On October 19, 2021, between 09:20 PM and 11:27 PM UTC, some Atlassian customers using Jira Software, Jira Service Management, and Jira Work Management products experienced performance degradation. The event was triggered by a sudden spike in requests from a tenant and the metric pipeline was not able to handle that spike. 

This impacted customers in the us-west-2 region. The incident was detected within a minute by an internal alert system and mitigated by rolling over the EC2 instances and turning off the metric publisher which put Atlassian systems into a known good state. The total time to resolution was about one hour and 47 minutes.

IMPACT

The overall impact was on October 19, 2021, between 09:20 PM and 11:27 PM UTC, on  Jira Software, Jira Service Management, and Jira Work Management products. The incident caused service disruption to customers in us-west-2 region only, where they experienced performance degradation. 

ROOT CAUSE

The issue was caused by the metric pipeline not being scaled when there was a sudden spike in requests.

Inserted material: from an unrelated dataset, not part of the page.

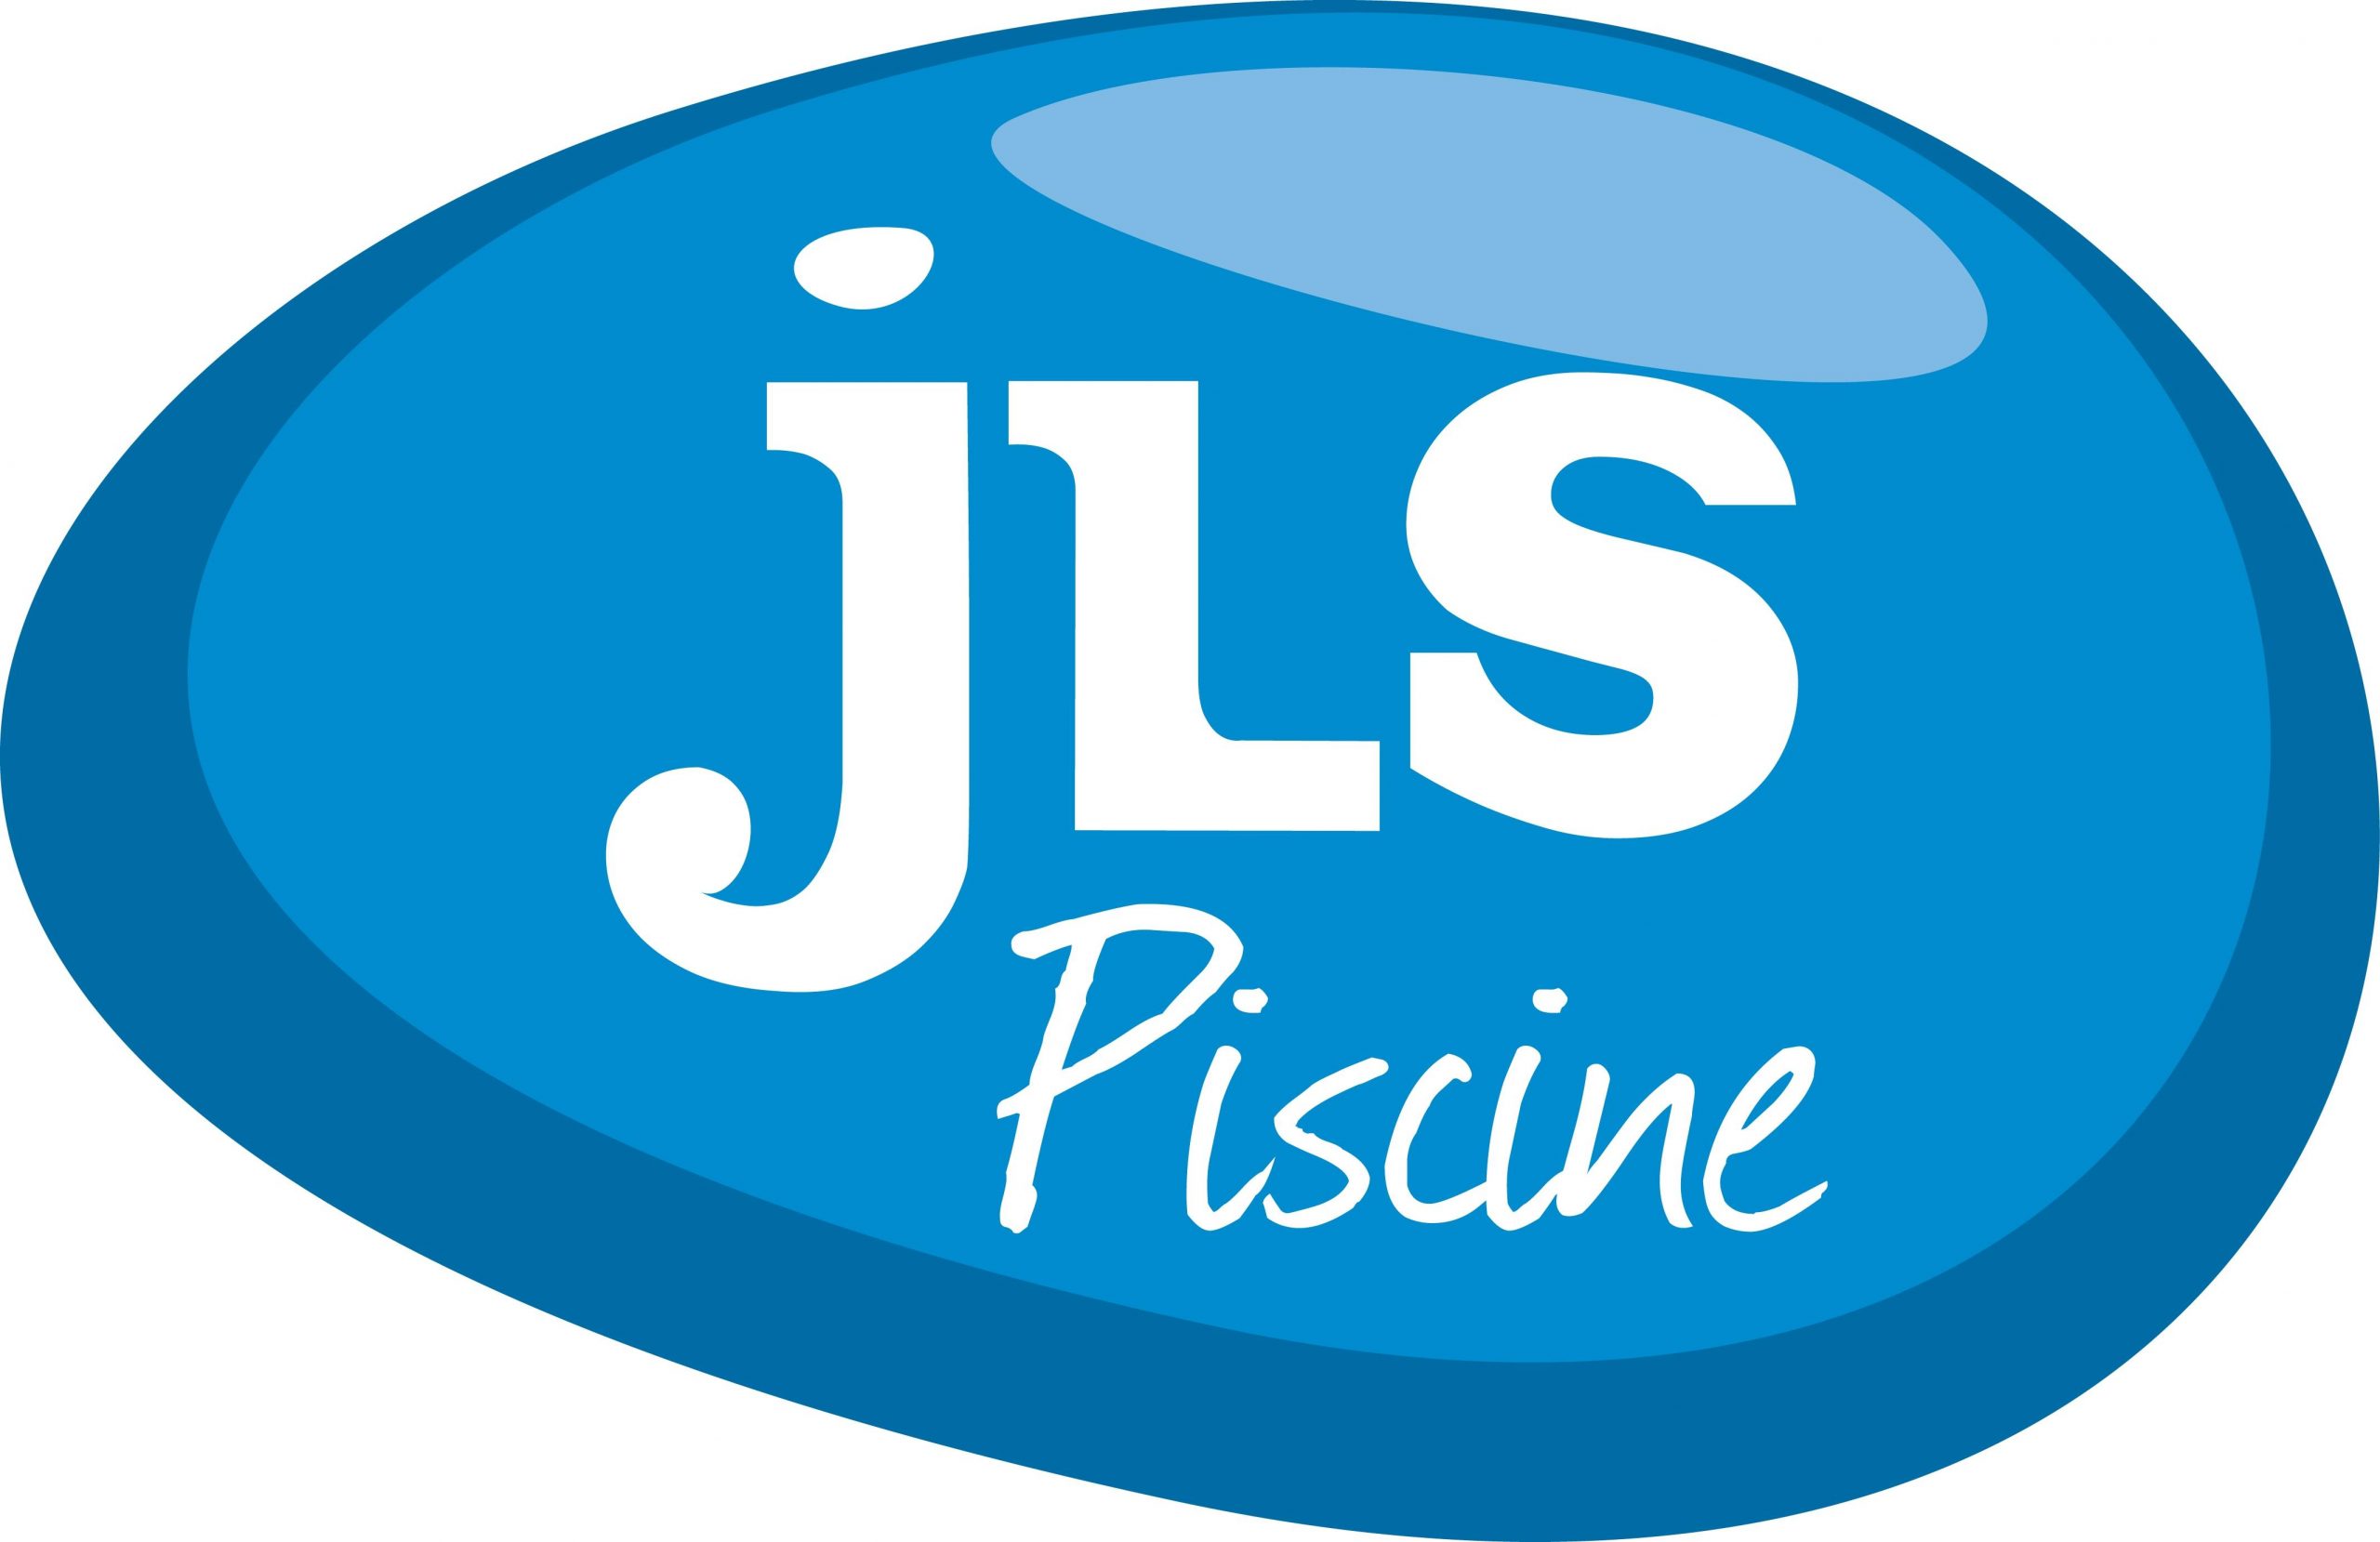 Jls Piscines - Excel Piscines : Installation Et Matériel De ... intérieur Cash Piscine Pierrelatte

This created back pressure in handling the callback from the metric pipeline which resulted in a long JVM Garbage Collection pauses and thread saturation. As a result, the affected Jira customers encountered delays and experienced performance degradation.

REMEDIAL ACTIONS PLAN & NEXT STEPS

We know that outages are impactful to your productivity. While we have a number of testing and preventative processes in place, this issue wasn’t identified because it was related to a very specific case that was not picked up by our automated continuous deployment suites and manual test scripts.

We are prioritizing the following improvement actions to avoid repeating this type of incident:

  • Introduce circuit breakers to stop propagating resource scalability issues.

Furthermore, to minimise the impact of breaking our environments and control the blast radius, we will implement additional preventative measures to

  • Control the sudden spike and overloading requests from one tenant; and
  • Add additional alerts to detect resource saturation more quickly.

We apologize to customers whose services were impacted during this incident; we are taking immediate steps to improve the platform’s performance and availability.

Thanks,

Atlassian Customer Support

Posted Nov 08, 2021 - 16:06 UTC

Resolved
Between 9:50 pm UTC to 11:36 pm UTC, we experienced a partial outage for Jira Work Management, Jira Service Management, and Jira Software to a small group of customers. The issue has been resolved and the service is operating normally.
Posted Oct 19, 2021 - 23:38 UTC
Investigating
We are investigating an outage that is impacting some Jira Work Management, Jira Service Management, and Jira Software Cloud customers. We will provide more details within the next hour.
Posted Oct 19, 2021 - 23:32 UTC